Absolutely true. Cassettes were still a very reliable choice, well into the early 2000s, which is when they really started disappearing as an option.
“Modern cassette deck.” Good luck with finding one of those. I believe that the only cassette players being made at the moment are cheap and nasty plastic “boomboxes” which all use the same very basic mechanism.
Sorry, but if you bought quality equipment in the 80s or 90s, the likelihood is that it will still sound good today, and will still beat the hell out of any MP3s out there.
No need to be sorry at all, my friend. I totally agree with you. But even quality equipment from the 80s and 90s will suffer from small mechanical problems brought on with age, things like the rubber drive belts deteriorating. Some people are good are replacing components like that. Not me, I’d get in a right pickle.
Cassettes making a comeback along with rickets, the velocipede and the monarchy. Yeah, okay.
My old Nakamichi (circa 1985) is still working fine. A couple years ago I started digging into my big box of cassettes after decade(s) of neglect, and some of them actually sound pretty darn good. You get what you pay for I guess given some of the comments here (yeah I guess a $100 or $200 deck would die every 12-18 months and would work about as well, go figure).
With the wife at home always (sometimes working, sometimes not), thanks to covid, I’ve had to terminate that little resurrection, but some day I will get back to it, some day.
I never much cared for the sound unless They were played on some amazing gear. Dolby B was better, Dolby C was better yet. As cassettes were winding down I got ahold of a player with Dolby DBX and was blown away how good it sounded compared to previous noise reduction, but the downturn was not going to stop. I won’t go back.
Too many people never knew that you had to clean the rollers periodically to keep tapes from sticking. Splicing could repair damaged tape, and after decades of neglect, they’ll need the belts replaced. I mostly used Maxell XLII tapes and after forty+ years they still sound very good. I got a new broadcast studio Teac deck maybe fifteen years ago and that is still running great.
Death “nell”? LOL!
Just started high rez streaming, and not turning back. All my tapes are at the dump for decades.
I do miss my Pioneer CT-F1250 and CT-F919.
You won’t find but one or two “modern” cassette decks. Really expensive. And no one makes Type ll cassettes. An no one makes a car player. I record cassettes everyday and play them in my 2005 Prius. But that will end with a newer car. Too bad. It’s the most economical way for me to preserve internet talk shows. I keep buying cassette decks off E-Bay. You can’t get parts for them so eventually all the used ones will be trash. I welcome new decks and I hope they are double decks with a feature you can’t get anymore: Relay Record.

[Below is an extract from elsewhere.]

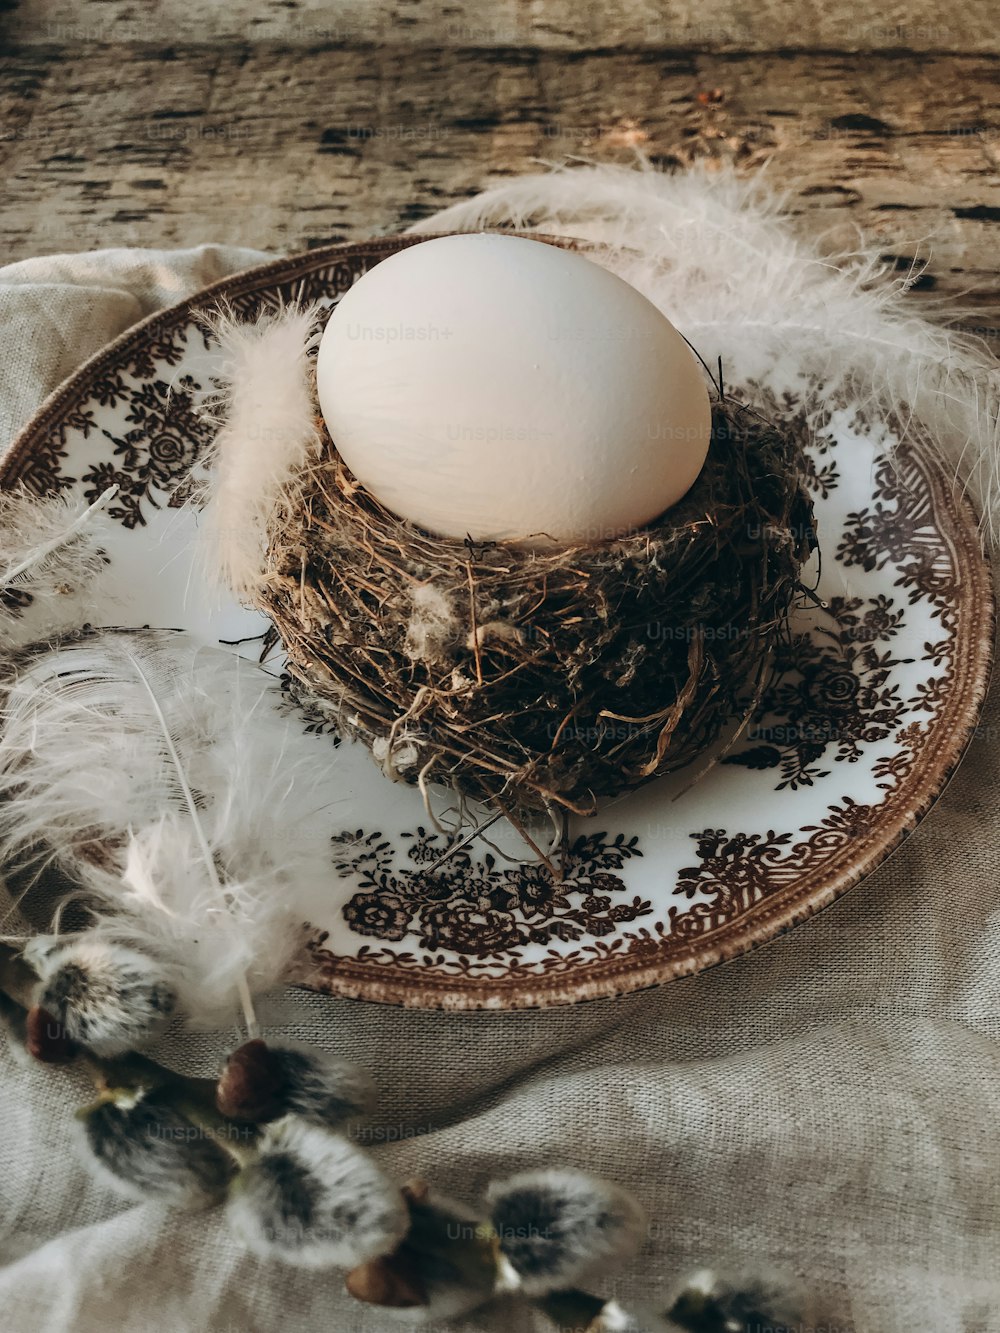 Cadre de table de Pâques rustique élégant. Oeuf de Pâques naturel dans un nid avec des plumes douces sur assiette vintage, serviette en lin, branches de saule chatte sur bois vieilli. Nature morte rurale de Pâques. Joyeuses Pâques

TBH I have long held the belief that cassettes were warmer sounding than LP and CD and streaming. By the same token, some 8-tracks by The Guess Who I have still can play on a system from 1978 with perfect clarity. It is because I enjoy hearing the music from the period on machines from that period that I have cassette decks and amps and speakers to match. I also keep a stash of sealed blank cassettes on hand. Coolness factor is not the driving force; rather it’s about that extra bit of human quality that modern tech has chosen to set aside.This common person’s joy of music is meant to be back.
Warmer?…more midbass?…warmer means “I like it better but I have no idea why.” 🙂
Audio cassette decks are still sold at my neighborhood second hand stores in San Jose California. I have revisited this format of my youth for the past four years and it has been a wonderful experience. I have purchased some very nice looking decks from the Sony, Kenwood, Pioneer, Sanyo, Sherwood and Sankyo brands.
The prices range between $20.49 and $39.49. I prefer not using Dolby NR but if I do use it I go with Dolby S because it plays nice with older Dolby B decks and ultra-portables. I also collect stereo microcassette ultra-portables which perform best with type 4 Metal bias microcassettes but that is a whole other “can of worms.”